OpenCV vs. LibJacket: GPU Sobel Filtering

January 22, 2022September 24, 2011 by mcclanahoochie

Update: LibJacket has been renamed to ArrayFire.

In response to a comment on a previous post about integrating LibJacket into an OpenCV project, below is just a simple FYI performance comparison of OpenCV‘s GPU Sobel filter versus LibJacket‘s conv2 convolution filter (with a sobel kernel)…

This is an evolutionary post, so be sure to scroll all the way down to see more comparisons…

Update (10/24/2011): Round 2

Sobel filter: OpenCV GPU vs. LibJacket — OpenCV GPU Sobel vs. LibJacket conv2 (2D kernel)

Test system:
[via /proc/cpuinfo]:
Intel(R) Core(TM) i7 CPU 920 @ 2.67GHz
[via LibJacket’s ginfo()]:
Libjacket v1.0.1 (build dd66add) by AccelerEyes CUDA Driver: 270.41.19 CUDA Toolkit: v4.0 CUDA capable devices detected: GPU0 GeForce GTX 295, 896 MB, Compute 1.3 (single,double) (in use) GPU1 GeForce GTX 295, 896 MB, Compute 1.3 (single,double)

Test procedure:
Random matrices were generated and used for testing. For every size, the same matrix(image) was used for each call. A “warm up” function call was made, then the average over 100 runs is reported. As of writing this, the latest versions of both libraries were used for comparison.

One note: I’m disabling LibJacket’s ‘dynamic caching’ by calling gsync() each loop, and without this call (i.e. in normal code) the functions run even faster than above.

Get the source code and see for yourself!
(put the folder in your /libjacket/examples/ directory)

The test is by no means an extensive benchmark, but it does expose some hints about performance in general for the various platforms. I may bench other functions when I get more time, but right now it looks like LibJacket has got a few tricks up it’s sleeve!

Update 1:

To address the question in the comments about “convolve()”, I ran another quick test. This one compares OpenCV’s GPU “convolve()” method against LibJacket’s “conv2()” with varying size Sobel filter kernel sizes.
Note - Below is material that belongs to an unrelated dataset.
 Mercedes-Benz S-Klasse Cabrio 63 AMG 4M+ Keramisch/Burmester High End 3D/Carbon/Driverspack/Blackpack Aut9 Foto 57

Note: OpenCV’s filter2D() doesn’t support floating point images as of current, so it is not considered here.

Conv2: OpenCV GPU vs. LibJacket — OpenCV GPU convolve vs. LibJacket conv2

It’s interesting to see that OpenCV seems unaffected by kernel size, while LibJacket’s performance is quite dependent, and highly favoring smaller kernels.
(LibJacket is not using separable kernels here either).

Update 2:
This seems to be an evolving post, thanks to all the comments!
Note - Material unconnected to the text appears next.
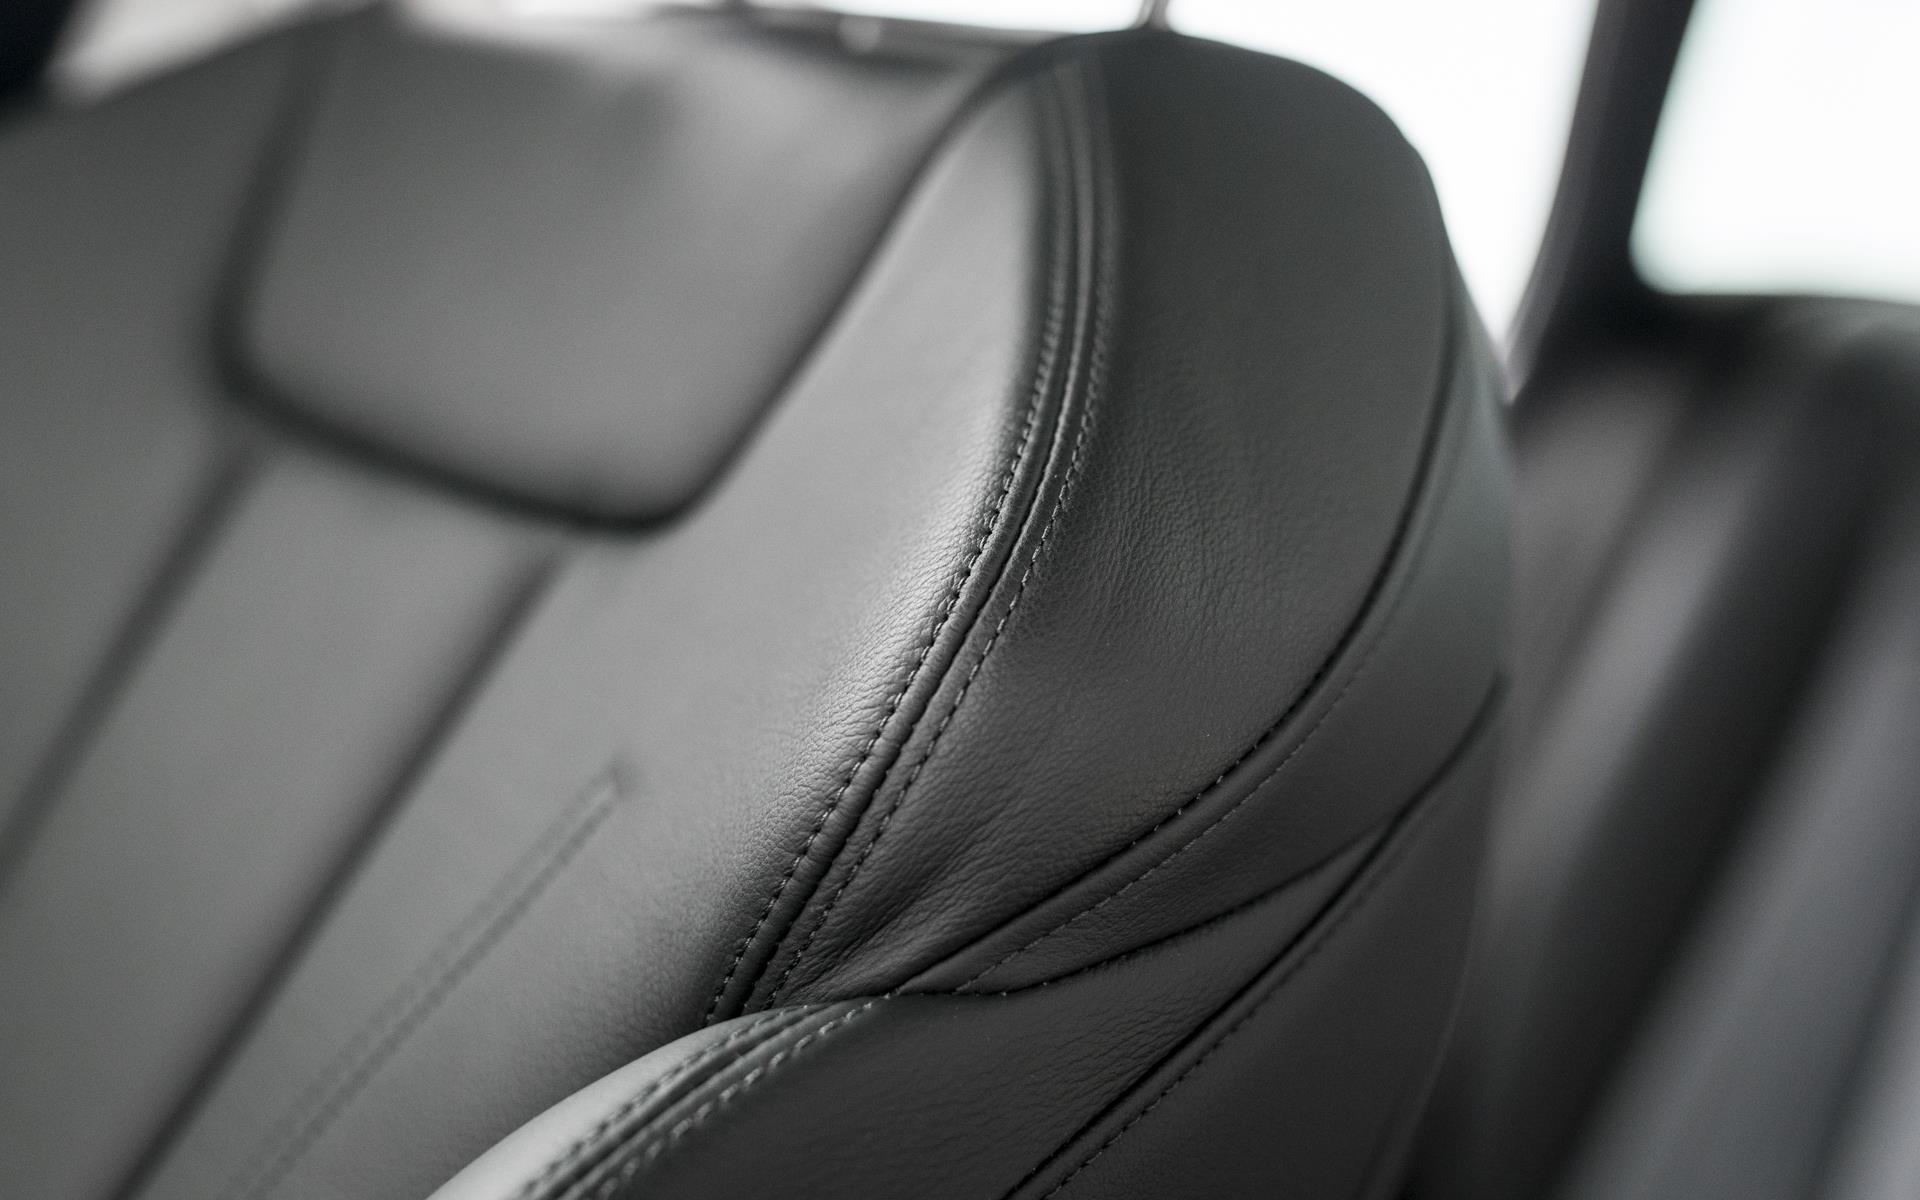 40 Avant 2,0 TDI Quattro S-Tronic 190HK Stc  image12

Up until now, the benchmarks of LibJacket have been using 2D kernels. Since OpenCV’s Sobel filter uses separable kernels, I re-ran the above benchmark using the separable kernel version of LibJacket’s conv2() function. The dotted line is the same LibJacket 3×3 kernel as in the first chart, for reference on the improvement of separable kernels.

I wish that I had more time to do a full feature comparison for all overlapping LibJacket/OpenCV functions, but alas, maybe another day… The source above is enough for anyone else out there to get started though!

Update 3:
As requested in the comments, here are the Fermi Tesla benchmarks.

Note: If the goal here was solely Sobel filtering, then one would compare jkt::conv2 vs cv::gpu::Sobel (first figure below). To generalize to any convolution though (second/third figures below), in Opencv-GPU, one must either use cv::gpu::filter2D or cv::gpu::convolve. Unfortunately, filter2D only works on uchar images, while convolve works on any type; the common data-type between LibJacket and OpenCV float. According to the comments, convolve was designed for larger kernels, while their sobel stops at 16×16 (I experimentally discovered this). I would say for general floating point convolutions, jkt::conv2 vs cv::convolve is a fair comparison.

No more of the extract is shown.